(Dataset items)
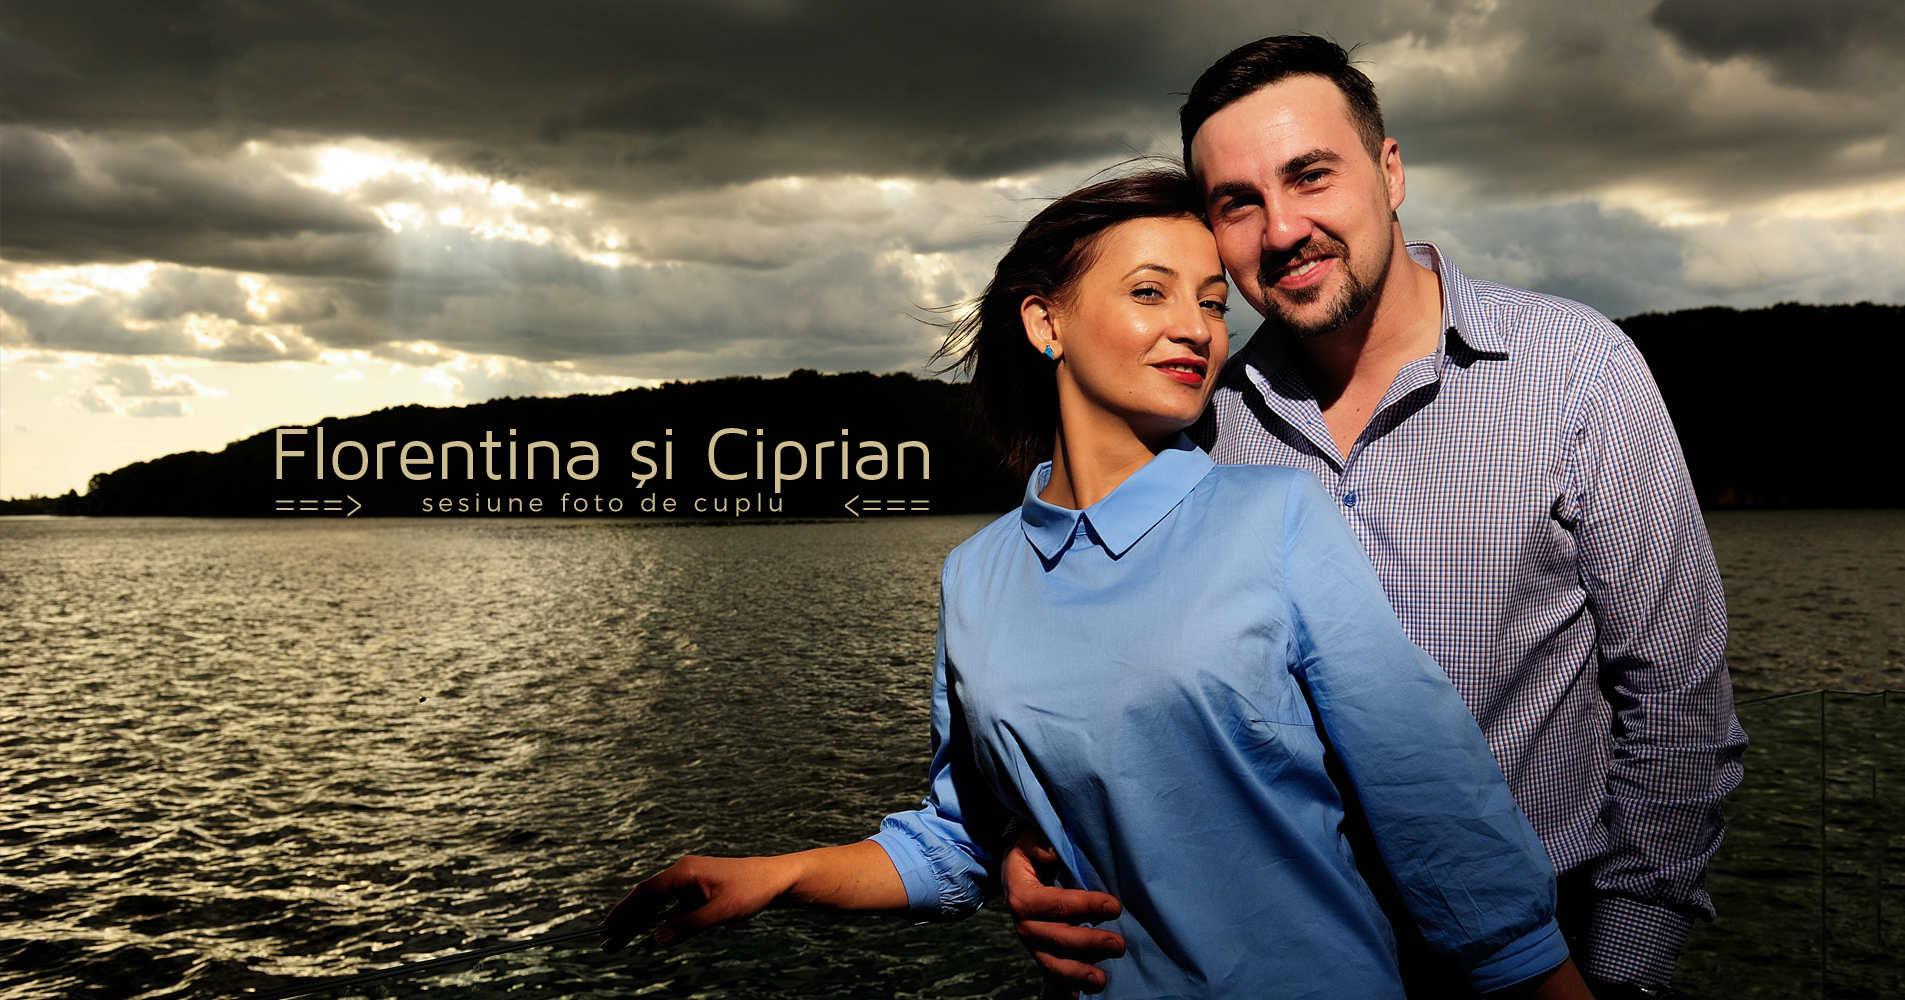 sedinta foto de cuplu la snagov club cu florentina si ciprian
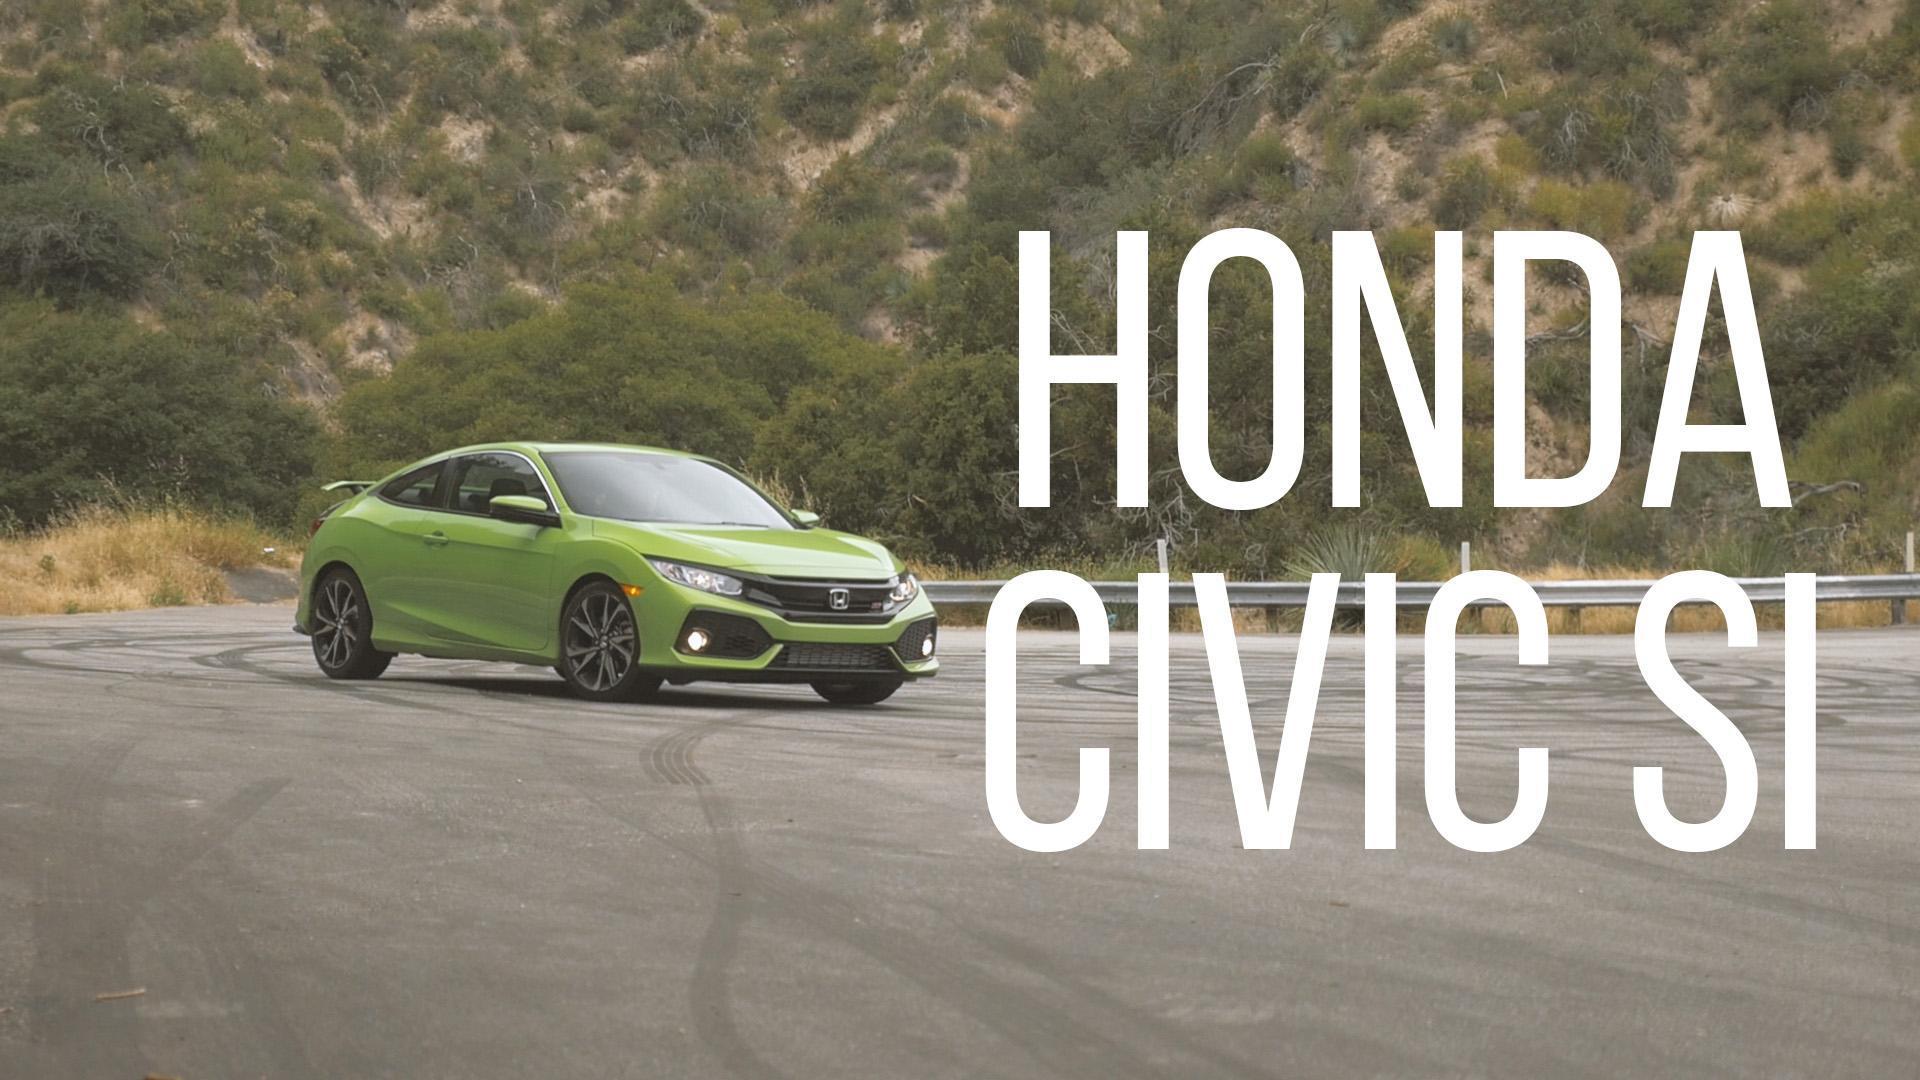 honda urban ev confirmed for 2019 launch in europe | autoblog
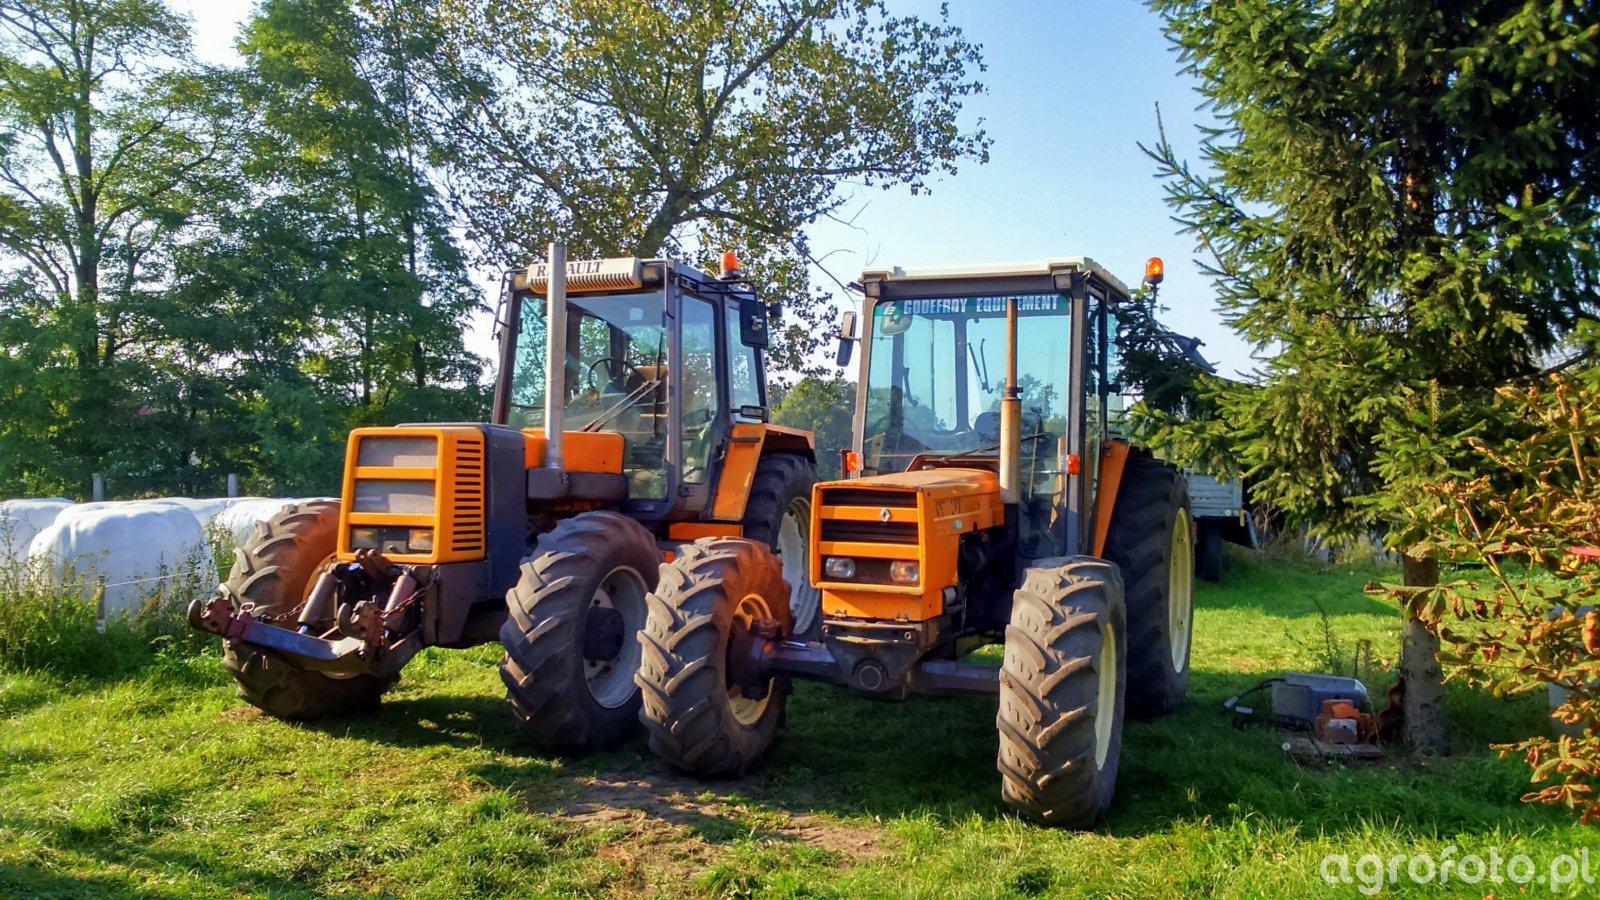 Renault 113.14 & Renault 851.4s
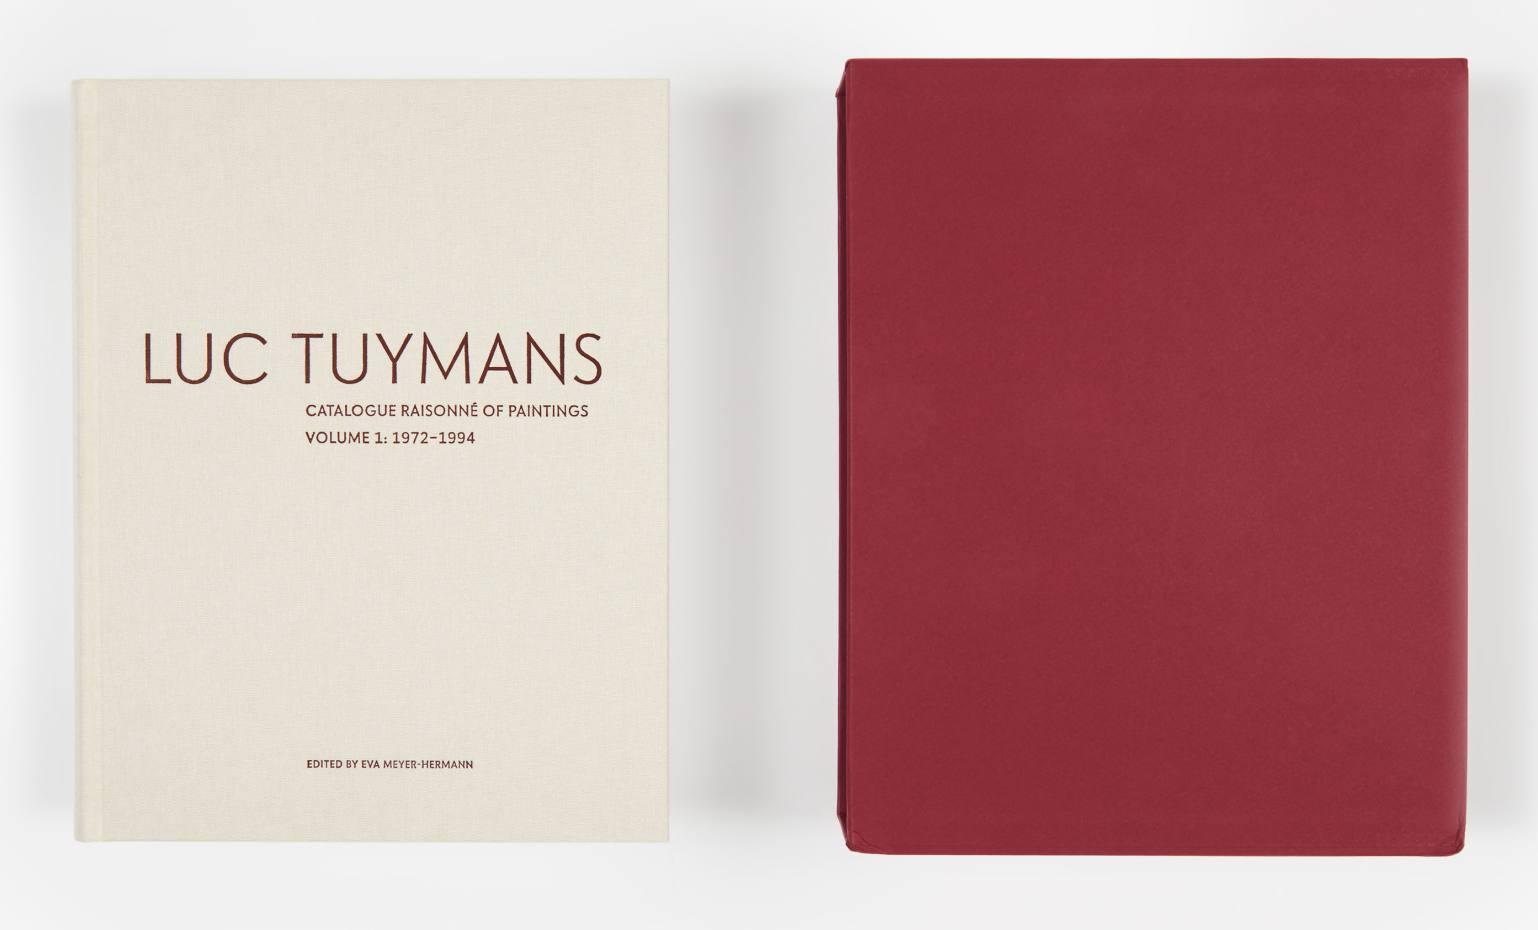 Luc Tuymans Catalogue Raisonné Volume 1, 1972-94, $200 from David Zwirner Books
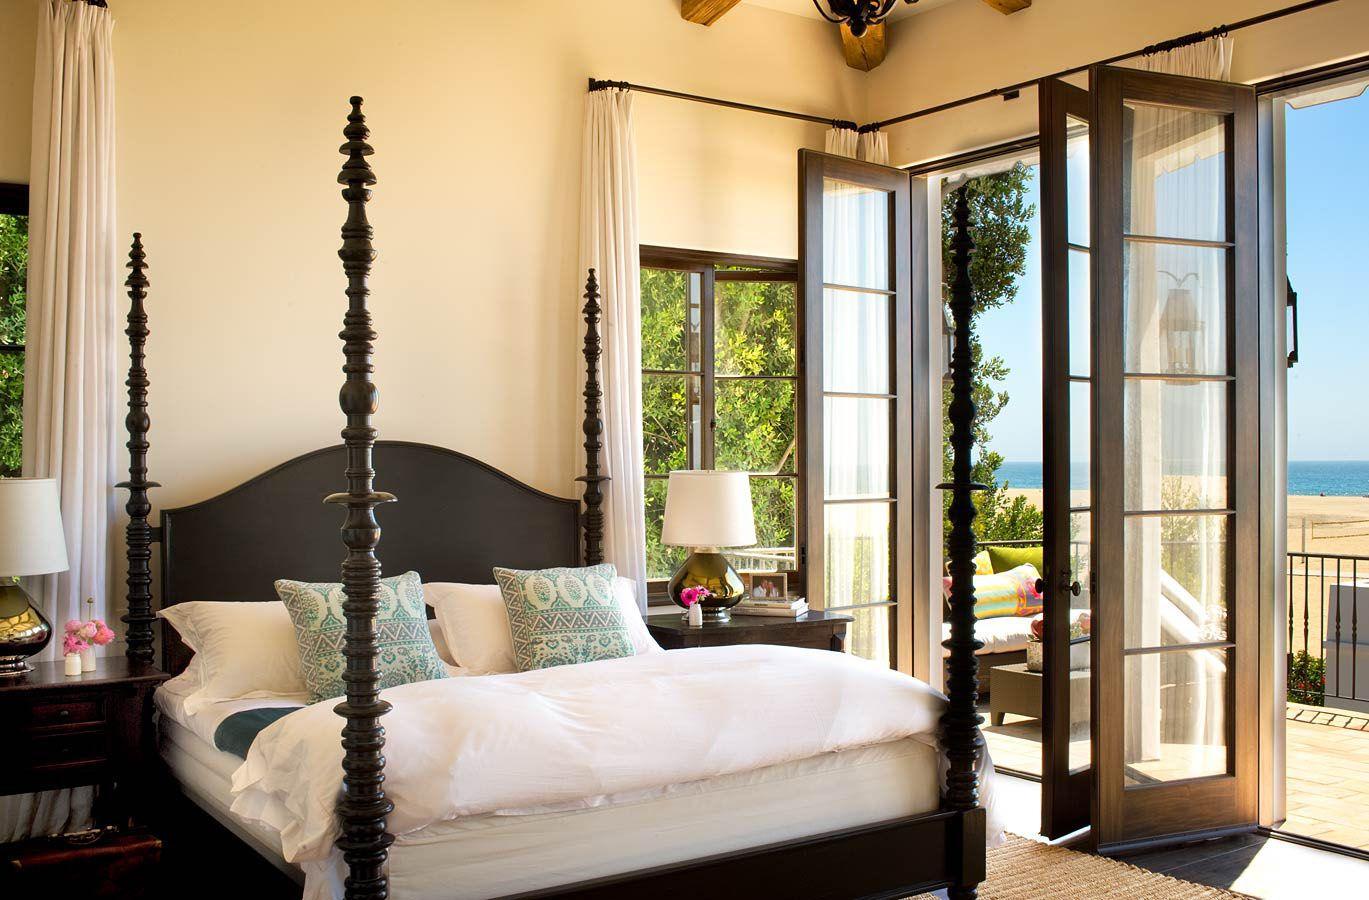 Spanish Colonial Beach House In Santa Monica | Interior Design,  Architecture U0026 Interior Decorating |

#### [Required work]
Write out all of the data above exactly, without any of its pictures.

#### [Response]
 sedinta foto de cuplu la snagov club cu florentina si ciprian
 honda urban ev confirmed for 2019 launch in europe | autoblog
 Renault 113.14 & Renault 851.4s
 Luc Tuymans Catalogue Raisonné Volume 1, 1972-94, $200 from David Zwirner Books
 Spanish Colonial Beach House In Santa Monica | Interior Design,  Architecture U0026 Interior Decorating |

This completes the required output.